C’era un mondo che si preoccupava di programmare, di fare piani a lungo termine, pensava, piantava gli ulivi; oggi invece gli ulivi si piantano per avere un ritorno a quattro anni. Un tempo si piantavano gli alberi pensando alla generazione successiva; non si piantava per se stessi, ma per il futuro.

Una bellissima frase di Winston Churchill affermava che “Il politico diventa statista quando smette di pensare alle elezioni e pensa alla futura generazione”. Il lavoro deve ripartire da questo: dall’uomo, dalla sua capacità di progettare, dalla sua capacità di prevedere il futuro per le generazioni a venire.

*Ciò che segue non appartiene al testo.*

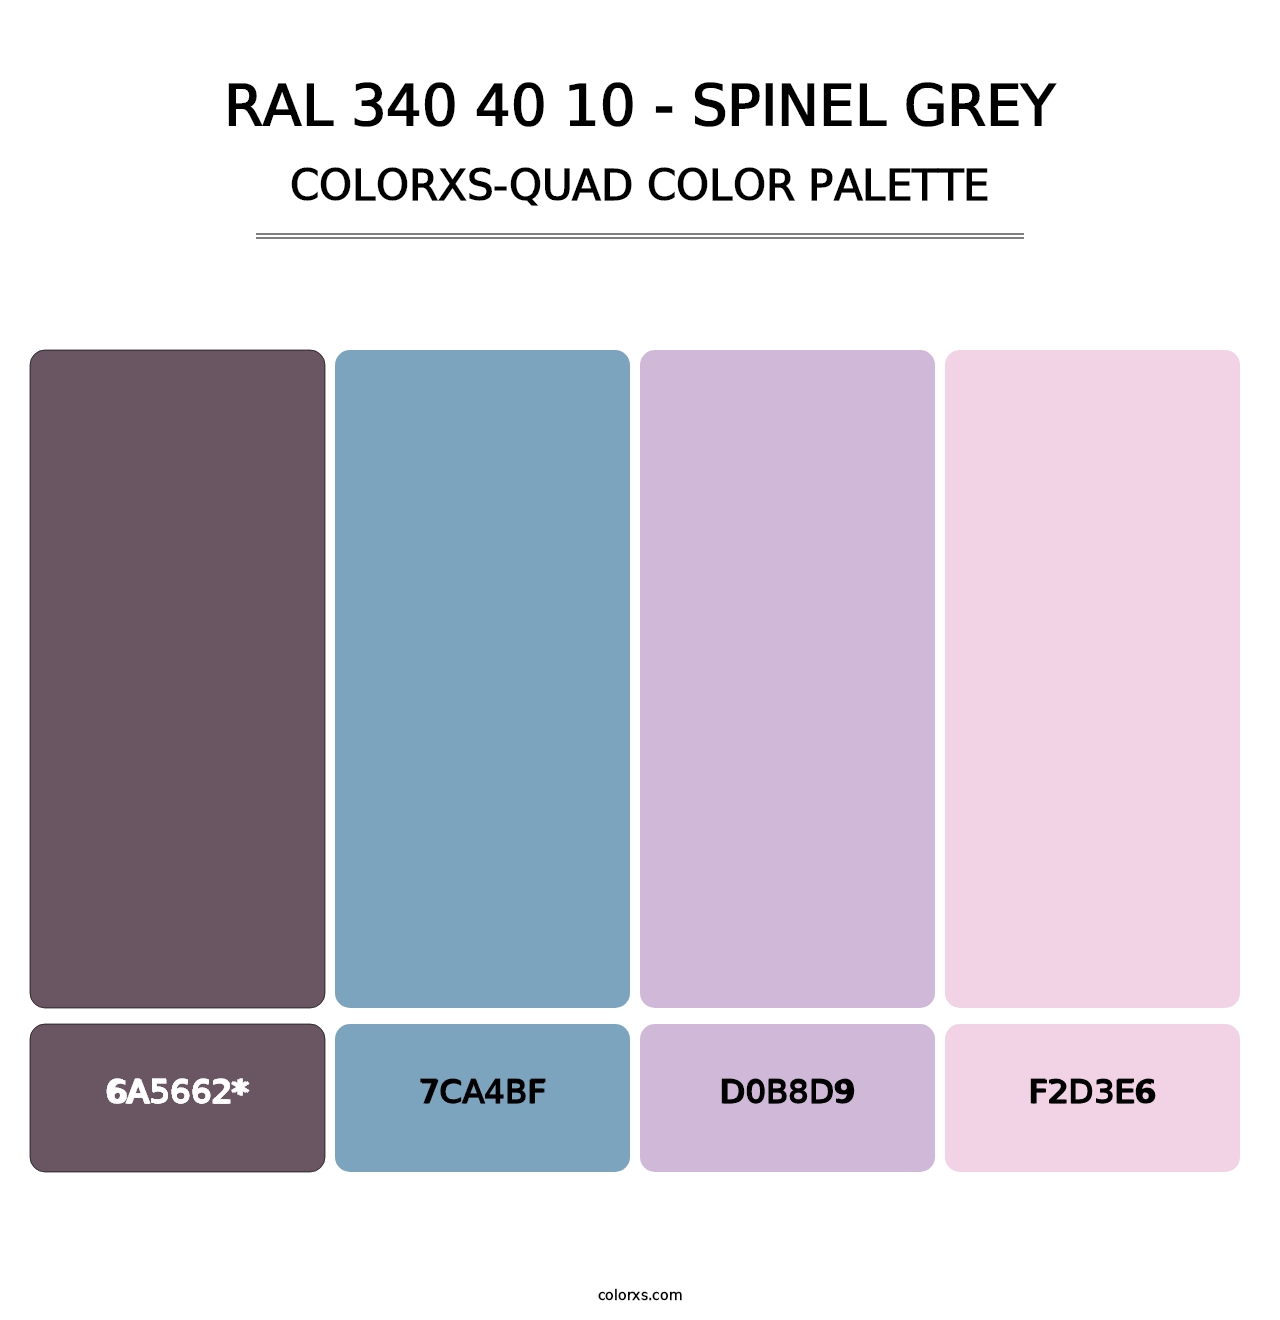 RAL 340 40 10 - Spinel Grey - Colorxs Quad Palette

Bisogna inoltre riportare al centro dell’attenzione la competenza, come elemento imprescindibile per la costruzione del futuro. Oggi vengono compiute spesso scelte che prescindono da essa, ma questo atteggiamento non può che essere scarsamente lungimirante e poco efficiente. Pensando alla prima diga costruita dal nostro gruppo (la diga di Legadadi), che ancora dopo cinquant’anni fornisce l’acqua ad Addis Abeba, mi rendo conto che la competenza ci ha permesso di realizzare un prodotto che ha cambiato la vita di una città, rendendole un servizio prezioso. Quello che dà soddisfazione non è vincere un contratto, ma cambiare la vita delle persone.

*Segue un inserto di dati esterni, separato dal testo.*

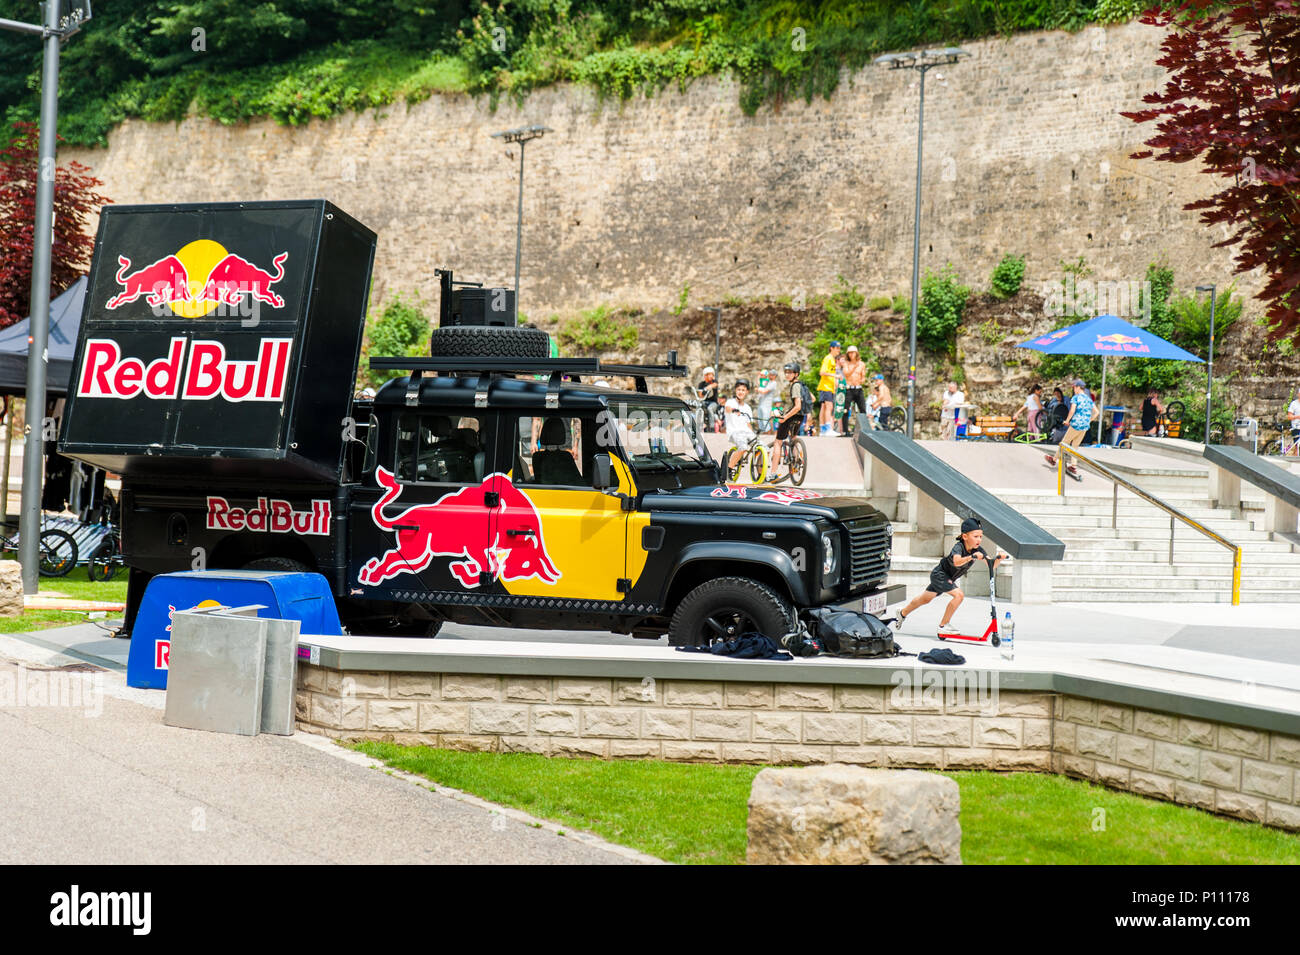 Redbull truck during the acrobatics event, Luxembourg Stock Photo

Chi potrebbe mai immaginare un’Italia senza Autostrada del Sole, senza ferrovia, senza l’alta velocità tra Roma e Milano? Sono servizi di cui non si può fare a meno. Nel nostro Paese in passato si è fatto molto, ma oggi non è più così. Eppure, nessun governo dovrebbe poter pensare di lasciare a casa a tempo indeterminato il milione e mezzo di persone che è stato perduto nel settore delle infrastrutture e dell’edilizia. Una ricchezza di questo tipo non può e non deve essere perduta.

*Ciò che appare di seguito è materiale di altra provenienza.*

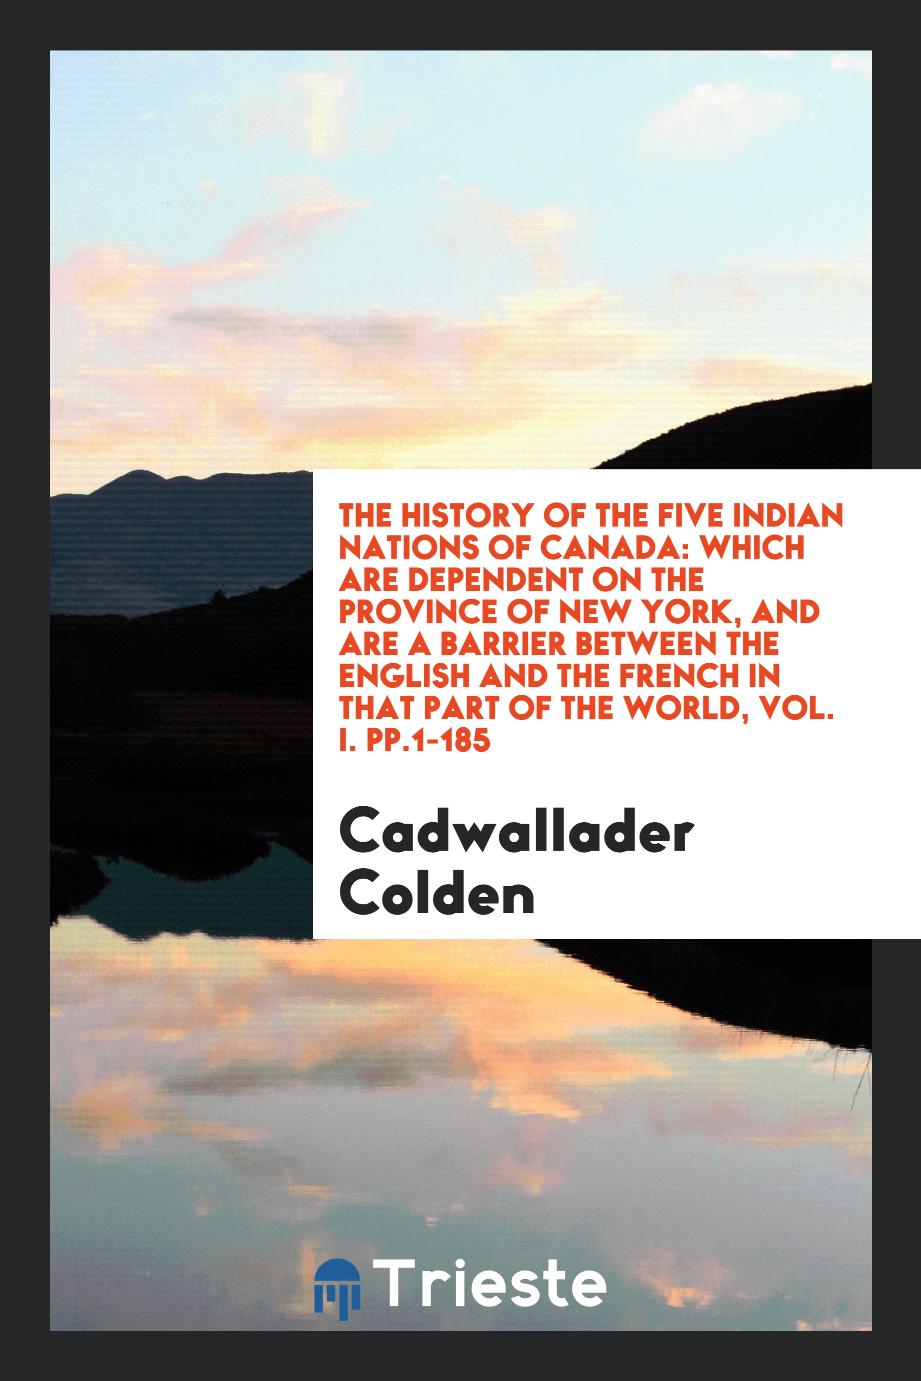 The history of the five Indian nations of Canada: which are dependent on the Province of New York, and are a barrier between the English and the French in that part of the world, Vol. I. pp.1-185

Negli anni Novanta, Doha era un deserto piatto, un nulla. Nessun fabbricato, nessuna costruzione. In poco più di trent’anni è stato creato un mondo che non esisteva. In Italia si parla e si è parlato molto di Expo e del cambiamento straordinario che ha investito Milano in pochi anni, ma se paragoniamo questa trasformazione a quello che accade nel resto del mondo ci si rende conto che si tratta di qualcosa di relativamente piccolo. Eppure, lo viviamo come un fatto straordinario proprio perché siamo privi di capacità progettuale e di realizzazione.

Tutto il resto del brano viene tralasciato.